Once a client requests results in the auth server being polled, the result gets cache for for the TTL of the record. Once the TTL counts to 0, a request to the authoritative server is done.
For internal DNS where the authoritative server is local, a lower TTL may be appropriate.
Concurrency helps machines do meaningful work while waiting for other tasks to complete. DNS requests can plentiful and if synchronous, even with a relatively low latency, the delays can stack up. Certainly don’t do this for the purpose of logs unless asynchronous.
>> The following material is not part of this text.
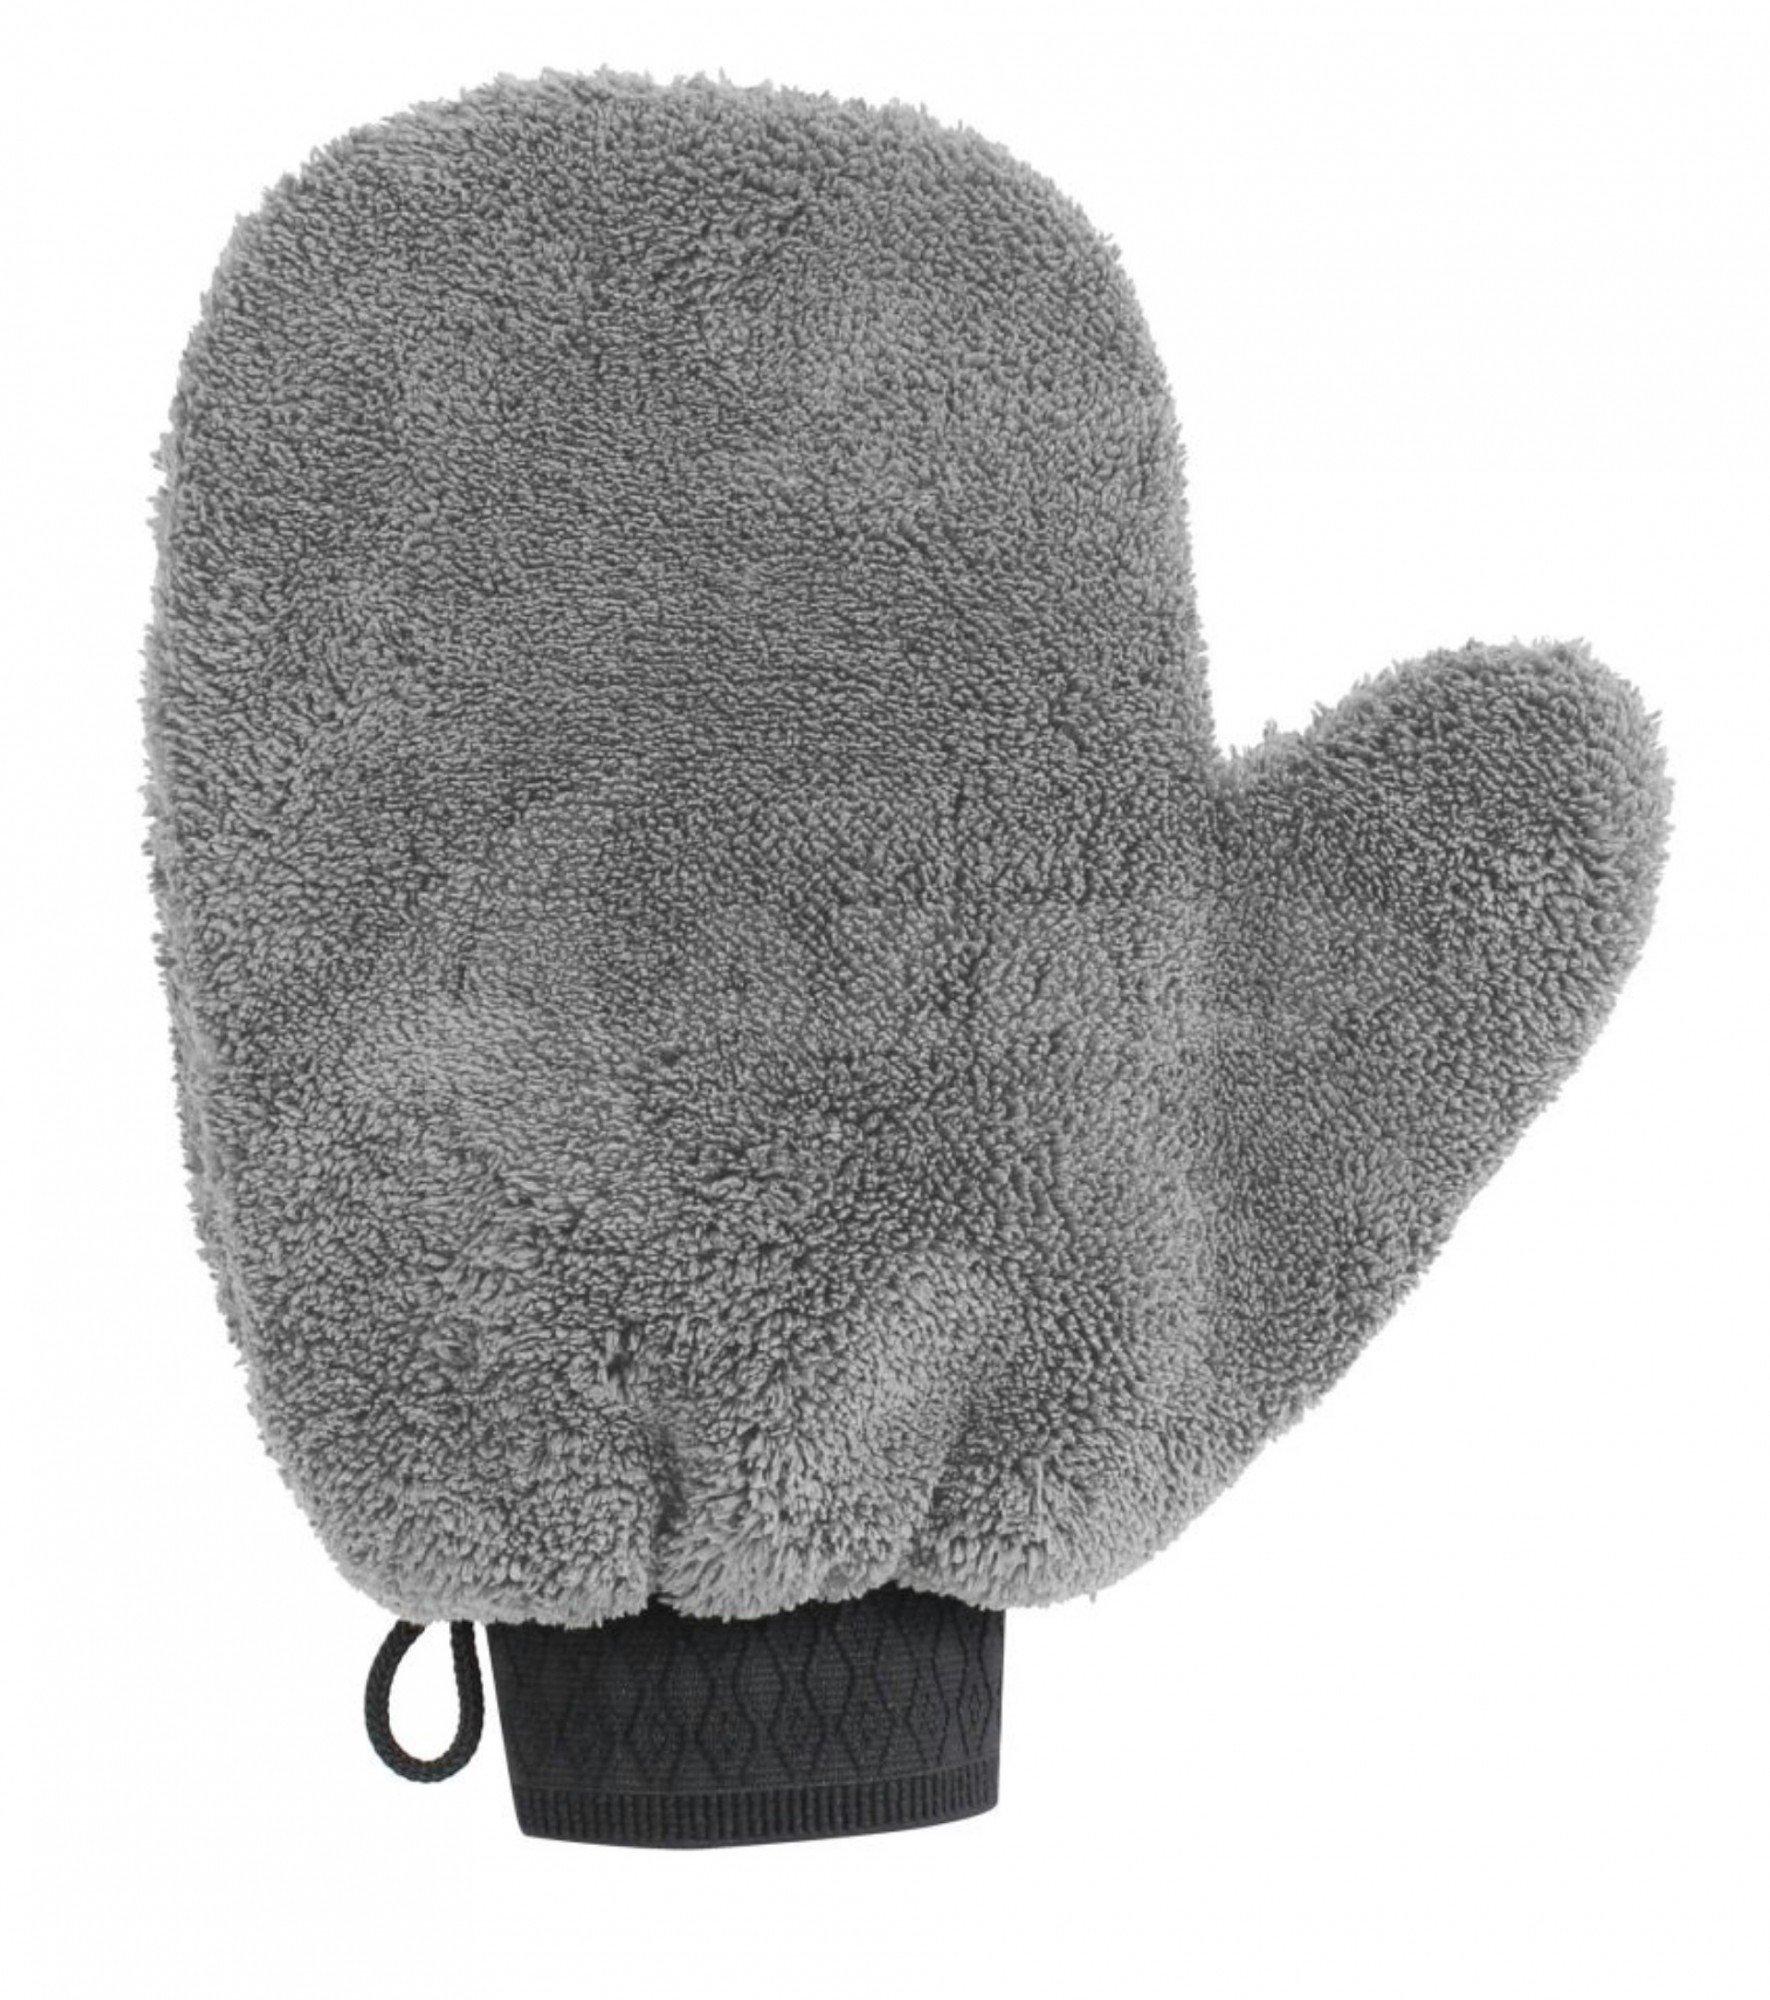 Afbeelding van Schoonmaak handschoen Spa Life

Local hosts files allow the use of name and provide very low latency resolution at the cost of ease of management and number of records. Configuration management tools can help with the management, and populate hosts files across servers.
Anycast is a mechanism using routing tables to send users to the closest server by latency or geographically which still having the same global IP.
If the audience is global, distribute the authoritative servers.
This will make the latency of the initial connection to the server lower and improve the overall experience.
QUIC is still experimental, but an interesting look at the way protocols may be headed
SSL over UDP, with some similarities to SPDY. It multiplexs connections and aims to reduce the number of round trips
It may become standardised.
Not widely support yet.
Queuing shows that there isn’t sufficient resource to satisfy demand. A degree of queuing is normal and desirable - the resource always has work available to do - but queuing means latency. What a reasonable length queue is depends on the speed at which requests get processed and what the latency expectations are.
Disk IO, especially random access, historically has been a bottleneck. IOps are number of input/output operations per second. 7200rpm SATA disk does 75-100 IOPS. 15K SAS 175-210 IOPS. SSD are 1000s or 10,000s or even millions in some pre-market models.
sar, iostat, vmstat, top, mpstat tools
Multi thread process use lots of core and CPU but may have locks for some resources which can cause bottleneck.
AWS Cloudwatch is very good. Once a service is under load, get used to the figure and set alerts on deviations. I’ve solved most AWS performance issue just with Cloudwatch with 1 minute intervals.
Load testing needs to gather enough information over time. If the cycle period for monitoring is 5 minutes, at least 25 minutes of load should be applied. Ideally use smaller cycles and longer periods to see trends.
Protocol level stats for a load balancer might be number of 400s or 500s from a web app, and the latency of the requests from the point of view of the load balance.
Monitor latency from the point of view of the clients. If the client base is global, monitor the end points they will hit globally.
Don’t trust what cloud providers say - measure it and prove it meets requirements for the given work load. As with any performance figures, they are often under ideal conditions and may not reflect results under complex conditions.